ぴちゃぴちゃと掻き回される愛液に濡れた自分の秘所。
ギシギシと、甲斐くんが腰を使うたびに軋むベッド。
朝まで甲斐くんの腕の中で眠れるのが嬉しかった。
顔を見られたくなくて背中向けても甲斐くんは背中を向けたりしない。わたしを後ろから抱え込んで眠るだけ。母親を知らずに育ったから温もりが欲しいのかも知れない。わたしも、あまり与えられなかった温もりを彼に求めていたのかも知れない。
愛情のないセックスなのに、こうやって一緒に暮らしているとまるで愛されているかのような錯覚を与えられる。不思議と満たされている自分に驚く。
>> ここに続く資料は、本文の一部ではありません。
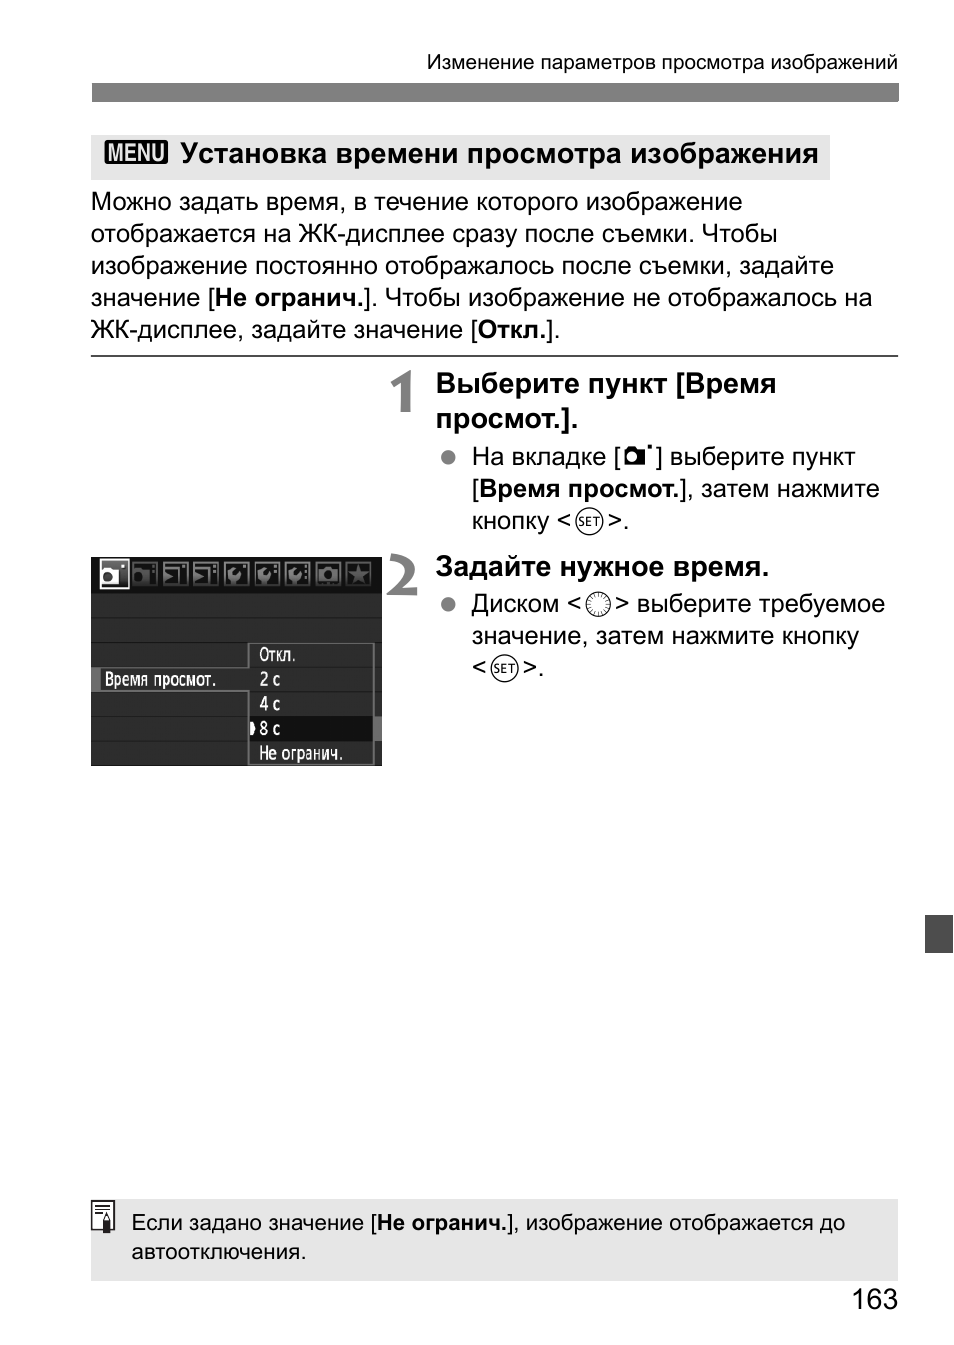 Инструкция по эксплуатации Canon EOS-1Ds Mark II | Страница 163 / 252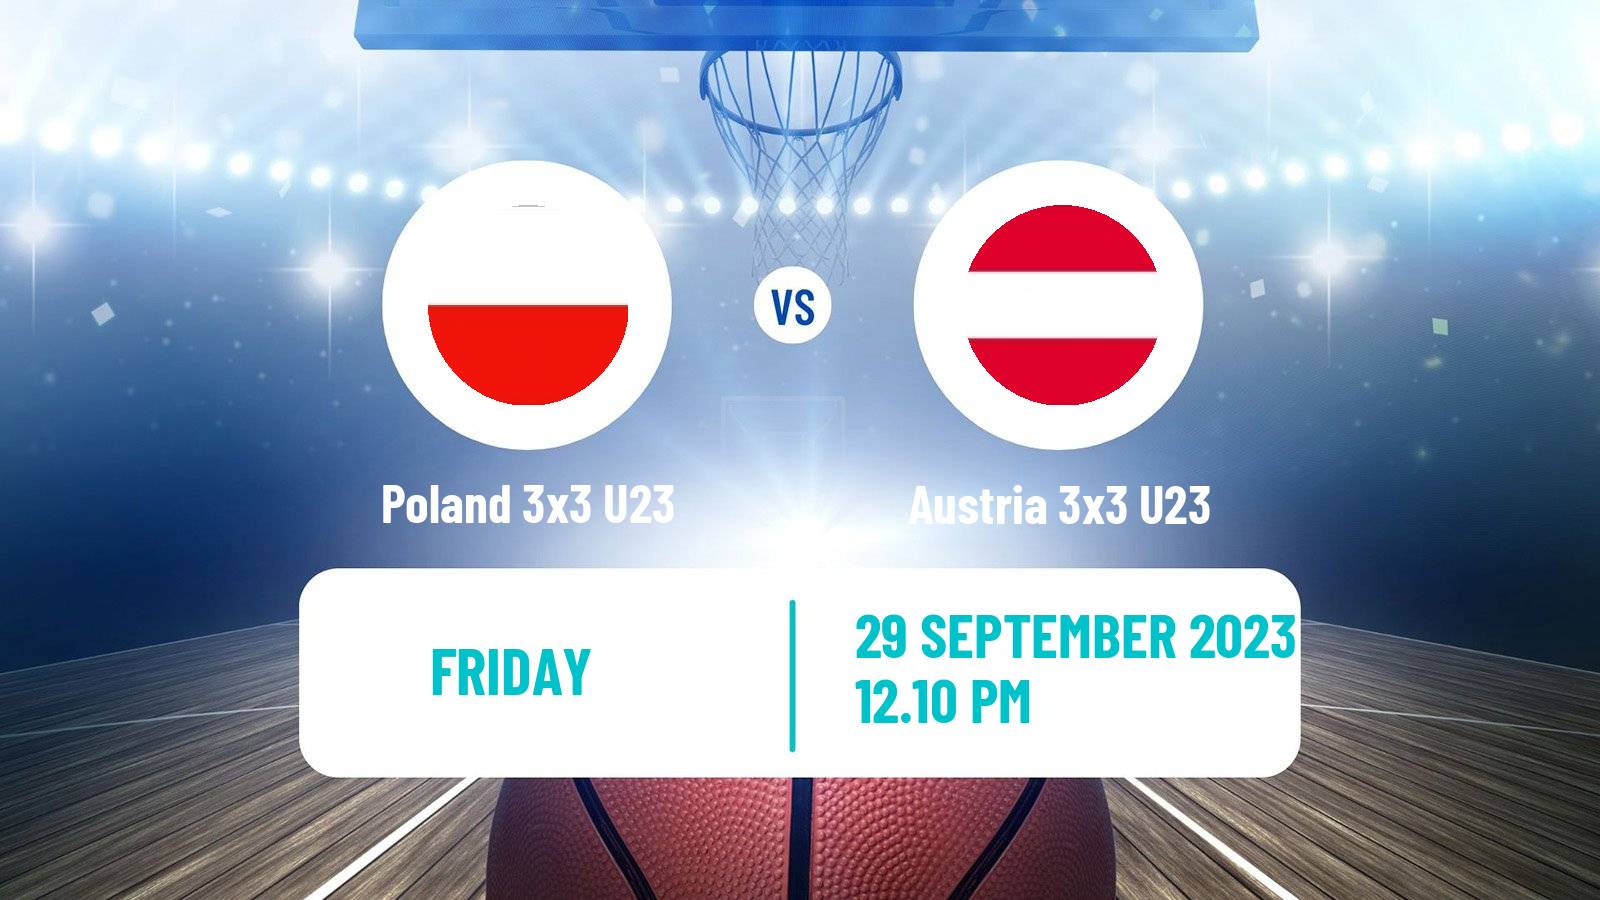 Basketball World Cup Basketball 3x3 U23 Poland 3x3 U23 - Austria 3x3 U23

こんなに慣れてしまっていいのだろうか?本当に卒業するときに離れられるの?

大学4年になって少しだけ生活パターンが変化した。
甲斐くんも昨年からスーツを着てこまめに就職活動を続けていたけれども、そのせいか週末も説明会や面接がある日は帰ってくる事が多くなった。モデルのバイトも減らしたみたいだし、その分変則的な出掛け方をするようになった。普段の日に帰ってきても呼び出されて出て行ったり、急に『今日は帰らない』のメールだけが送られてきたり……
それでも就職が決まるまでは精力的に動き回ってるようだった。
「オレはアイツみたいになりたくないんだ。だからいいとこに就職して、普通のサラリーマンになりたいんだ」
この辺りはわたしとよく似た考え方だった。親が親だったから、せめて正反対の人生が送れるようにと、わたしは教員という公務員の職に就こうとしていた。彼は大手企業から中小企業まで回って、サラリーマン目指して就活を続けているようだったが、この不況時なかなか就職が決まらないようで、軽い焦りを彼から感じていた。
就活もかなり忙しいみたいなのに、バイトも減らしてここの家賃は大丈夫なのだろうか?
「ねえ、家賃の事なんだけれども……」
「志奈子が気にしなくてもいい。おまえだって4年になって、教育実習があるから家庭教師のバイト減らしてるだろ。教採の試験だって難しいっていうし……おまえなら大丈夫だろうけど、そのまま勉強してろよ」
「う、うん……」
彼はわたしの進路に対してすごく協力的だった。それはとてもうれしいことで、応援してくれる人がいれば頑張れた。わたしは相変わらず大学と家庭教師、その残りは勉強と集中出来る環境を与えられてひたすら勉強を進めていた。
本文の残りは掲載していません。